Copy out, from the entries below, each line holding the string "voor".

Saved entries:
═══
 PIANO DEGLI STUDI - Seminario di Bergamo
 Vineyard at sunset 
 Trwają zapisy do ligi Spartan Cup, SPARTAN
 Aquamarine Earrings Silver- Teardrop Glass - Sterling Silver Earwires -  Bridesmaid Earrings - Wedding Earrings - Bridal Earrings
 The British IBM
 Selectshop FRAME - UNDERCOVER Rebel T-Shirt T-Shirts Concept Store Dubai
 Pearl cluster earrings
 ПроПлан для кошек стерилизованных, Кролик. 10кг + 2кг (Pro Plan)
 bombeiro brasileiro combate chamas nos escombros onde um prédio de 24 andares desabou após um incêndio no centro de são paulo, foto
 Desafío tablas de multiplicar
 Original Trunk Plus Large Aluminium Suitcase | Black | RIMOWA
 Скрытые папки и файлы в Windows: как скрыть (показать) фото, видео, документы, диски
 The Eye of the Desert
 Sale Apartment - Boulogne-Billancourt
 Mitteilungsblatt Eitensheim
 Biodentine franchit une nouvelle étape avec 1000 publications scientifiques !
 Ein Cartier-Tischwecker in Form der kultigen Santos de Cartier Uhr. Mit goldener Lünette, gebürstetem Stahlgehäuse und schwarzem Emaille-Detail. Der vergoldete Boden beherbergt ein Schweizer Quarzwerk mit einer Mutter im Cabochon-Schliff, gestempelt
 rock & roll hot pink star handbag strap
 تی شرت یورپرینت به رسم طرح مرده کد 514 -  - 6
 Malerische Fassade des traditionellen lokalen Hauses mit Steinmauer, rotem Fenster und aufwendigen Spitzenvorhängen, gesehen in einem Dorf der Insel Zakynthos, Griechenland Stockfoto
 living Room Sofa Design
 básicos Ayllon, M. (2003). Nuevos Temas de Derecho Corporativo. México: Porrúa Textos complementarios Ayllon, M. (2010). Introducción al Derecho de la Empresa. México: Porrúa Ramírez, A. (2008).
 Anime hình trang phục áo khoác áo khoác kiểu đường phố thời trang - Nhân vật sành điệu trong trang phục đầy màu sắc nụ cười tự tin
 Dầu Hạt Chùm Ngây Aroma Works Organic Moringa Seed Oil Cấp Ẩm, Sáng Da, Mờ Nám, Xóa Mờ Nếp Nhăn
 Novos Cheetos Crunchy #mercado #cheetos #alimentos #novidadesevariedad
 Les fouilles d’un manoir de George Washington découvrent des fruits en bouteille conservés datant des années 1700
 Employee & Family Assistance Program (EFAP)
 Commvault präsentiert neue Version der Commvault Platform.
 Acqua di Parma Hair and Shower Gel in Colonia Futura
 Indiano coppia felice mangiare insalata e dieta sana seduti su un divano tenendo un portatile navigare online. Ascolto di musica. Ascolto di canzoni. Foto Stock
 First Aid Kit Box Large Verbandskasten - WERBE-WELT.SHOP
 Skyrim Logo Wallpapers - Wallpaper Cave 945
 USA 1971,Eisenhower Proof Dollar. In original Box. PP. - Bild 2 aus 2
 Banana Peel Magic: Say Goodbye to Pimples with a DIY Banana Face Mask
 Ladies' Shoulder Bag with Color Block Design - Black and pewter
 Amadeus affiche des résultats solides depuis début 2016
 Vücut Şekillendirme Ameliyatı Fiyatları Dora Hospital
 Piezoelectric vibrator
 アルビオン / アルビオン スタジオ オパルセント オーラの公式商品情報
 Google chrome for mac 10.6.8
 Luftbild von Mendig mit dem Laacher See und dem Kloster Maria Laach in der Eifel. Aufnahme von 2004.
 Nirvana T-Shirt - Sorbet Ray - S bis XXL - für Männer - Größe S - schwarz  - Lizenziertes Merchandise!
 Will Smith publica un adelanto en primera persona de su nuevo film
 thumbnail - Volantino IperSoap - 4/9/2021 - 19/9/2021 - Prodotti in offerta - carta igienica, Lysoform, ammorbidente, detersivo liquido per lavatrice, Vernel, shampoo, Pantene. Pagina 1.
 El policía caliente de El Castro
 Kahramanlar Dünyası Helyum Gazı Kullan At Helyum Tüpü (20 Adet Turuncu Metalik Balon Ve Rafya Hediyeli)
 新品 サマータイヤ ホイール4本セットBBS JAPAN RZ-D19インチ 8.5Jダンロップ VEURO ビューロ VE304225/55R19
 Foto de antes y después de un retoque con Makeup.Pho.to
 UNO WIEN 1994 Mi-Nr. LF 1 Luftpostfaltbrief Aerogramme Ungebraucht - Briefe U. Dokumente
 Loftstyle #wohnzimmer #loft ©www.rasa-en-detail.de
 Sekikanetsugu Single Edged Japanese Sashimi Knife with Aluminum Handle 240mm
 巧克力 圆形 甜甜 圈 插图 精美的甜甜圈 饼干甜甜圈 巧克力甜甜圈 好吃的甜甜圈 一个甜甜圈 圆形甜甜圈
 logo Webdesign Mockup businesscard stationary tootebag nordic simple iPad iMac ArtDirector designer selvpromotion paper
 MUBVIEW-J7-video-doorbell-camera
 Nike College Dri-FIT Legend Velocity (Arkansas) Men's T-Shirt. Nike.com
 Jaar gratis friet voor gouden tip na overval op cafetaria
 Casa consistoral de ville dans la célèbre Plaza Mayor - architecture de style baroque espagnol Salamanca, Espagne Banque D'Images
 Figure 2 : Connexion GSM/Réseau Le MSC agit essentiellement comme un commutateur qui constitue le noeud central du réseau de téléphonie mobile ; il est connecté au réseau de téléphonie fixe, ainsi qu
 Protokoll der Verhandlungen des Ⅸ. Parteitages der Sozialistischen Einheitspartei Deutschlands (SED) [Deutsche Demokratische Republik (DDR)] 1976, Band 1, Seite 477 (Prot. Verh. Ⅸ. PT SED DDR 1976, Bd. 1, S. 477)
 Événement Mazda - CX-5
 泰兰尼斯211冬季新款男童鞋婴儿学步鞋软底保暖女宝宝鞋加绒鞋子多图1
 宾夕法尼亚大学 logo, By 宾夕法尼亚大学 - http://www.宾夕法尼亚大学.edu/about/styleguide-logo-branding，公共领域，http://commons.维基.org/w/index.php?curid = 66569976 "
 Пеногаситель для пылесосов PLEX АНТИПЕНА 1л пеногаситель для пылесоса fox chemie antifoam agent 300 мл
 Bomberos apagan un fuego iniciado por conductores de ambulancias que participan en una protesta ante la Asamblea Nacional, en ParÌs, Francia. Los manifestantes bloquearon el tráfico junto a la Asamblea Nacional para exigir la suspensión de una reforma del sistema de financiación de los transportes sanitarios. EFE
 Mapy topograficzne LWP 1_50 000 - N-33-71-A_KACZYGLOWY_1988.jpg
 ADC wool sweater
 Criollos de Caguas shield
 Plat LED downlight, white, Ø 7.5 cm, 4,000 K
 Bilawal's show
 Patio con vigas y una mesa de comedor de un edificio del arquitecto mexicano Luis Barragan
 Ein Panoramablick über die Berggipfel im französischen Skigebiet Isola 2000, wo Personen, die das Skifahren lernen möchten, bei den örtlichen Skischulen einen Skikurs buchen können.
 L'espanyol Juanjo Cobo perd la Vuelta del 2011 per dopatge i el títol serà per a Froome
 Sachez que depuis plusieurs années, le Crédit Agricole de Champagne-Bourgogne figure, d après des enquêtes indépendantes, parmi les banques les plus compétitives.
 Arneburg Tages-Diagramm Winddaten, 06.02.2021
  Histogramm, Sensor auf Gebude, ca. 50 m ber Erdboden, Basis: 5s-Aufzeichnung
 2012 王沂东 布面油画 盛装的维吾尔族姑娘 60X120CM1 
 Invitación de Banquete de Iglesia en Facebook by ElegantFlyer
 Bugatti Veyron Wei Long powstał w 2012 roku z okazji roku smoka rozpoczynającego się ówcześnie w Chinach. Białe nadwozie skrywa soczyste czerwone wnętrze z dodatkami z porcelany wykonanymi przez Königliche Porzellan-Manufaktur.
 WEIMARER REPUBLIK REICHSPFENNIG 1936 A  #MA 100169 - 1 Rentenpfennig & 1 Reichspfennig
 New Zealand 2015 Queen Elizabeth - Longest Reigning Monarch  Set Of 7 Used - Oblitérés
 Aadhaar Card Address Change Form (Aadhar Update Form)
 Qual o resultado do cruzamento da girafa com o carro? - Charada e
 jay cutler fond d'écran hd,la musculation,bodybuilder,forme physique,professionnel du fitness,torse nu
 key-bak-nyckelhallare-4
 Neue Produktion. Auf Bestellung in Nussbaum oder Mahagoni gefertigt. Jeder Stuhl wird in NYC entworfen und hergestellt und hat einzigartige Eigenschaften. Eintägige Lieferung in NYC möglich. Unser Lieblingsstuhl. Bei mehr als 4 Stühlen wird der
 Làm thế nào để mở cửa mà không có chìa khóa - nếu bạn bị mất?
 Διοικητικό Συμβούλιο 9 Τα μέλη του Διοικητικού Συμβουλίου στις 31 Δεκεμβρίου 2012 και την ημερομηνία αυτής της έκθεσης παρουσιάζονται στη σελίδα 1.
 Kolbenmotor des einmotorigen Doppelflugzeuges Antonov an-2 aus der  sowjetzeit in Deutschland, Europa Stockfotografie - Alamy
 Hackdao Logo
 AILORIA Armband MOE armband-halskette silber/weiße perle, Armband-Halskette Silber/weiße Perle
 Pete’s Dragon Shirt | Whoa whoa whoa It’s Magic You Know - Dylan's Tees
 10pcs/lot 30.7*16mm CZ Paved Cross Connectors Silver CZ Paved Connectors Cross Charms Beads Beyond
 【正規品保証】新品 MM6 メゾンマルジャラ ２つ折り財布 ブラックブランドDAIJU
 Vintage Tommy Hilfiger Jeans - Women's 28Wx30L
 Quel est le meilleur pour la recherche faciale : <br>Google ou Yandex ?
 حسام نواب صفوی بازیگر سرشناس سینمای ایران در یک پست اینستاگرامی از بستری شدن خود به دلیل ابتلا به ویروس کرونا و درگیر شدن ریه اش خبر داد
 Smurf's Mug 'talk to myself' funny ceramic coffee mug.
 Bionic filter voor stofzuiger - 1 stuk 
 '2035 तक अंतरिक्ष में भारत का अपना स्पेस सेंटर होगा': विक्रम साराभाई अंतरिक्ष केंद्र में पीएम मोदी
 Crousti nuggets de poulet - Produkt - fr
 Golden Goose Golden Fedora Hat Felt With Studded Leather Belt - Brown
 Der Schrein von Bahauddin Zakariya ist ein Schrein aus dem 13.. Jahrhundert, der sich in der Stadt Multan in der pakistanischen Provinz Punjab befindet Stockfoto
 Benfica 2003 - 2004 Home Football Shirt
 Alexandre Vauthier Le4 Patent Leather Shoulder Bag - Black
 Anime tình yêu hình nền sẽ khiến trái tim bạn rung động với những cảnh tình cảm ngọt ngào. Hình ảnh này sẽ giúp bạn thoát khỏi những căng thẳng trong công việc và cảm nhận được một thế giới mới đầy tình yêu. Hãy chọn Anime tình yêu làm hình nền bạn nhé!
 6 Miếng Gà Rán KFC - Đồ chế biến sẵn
═══
### Answer box
 Jaar gratis friet voor gouden tip na overval op cafetaria
 Bionic filter voor stofzuiger - 1 stuk 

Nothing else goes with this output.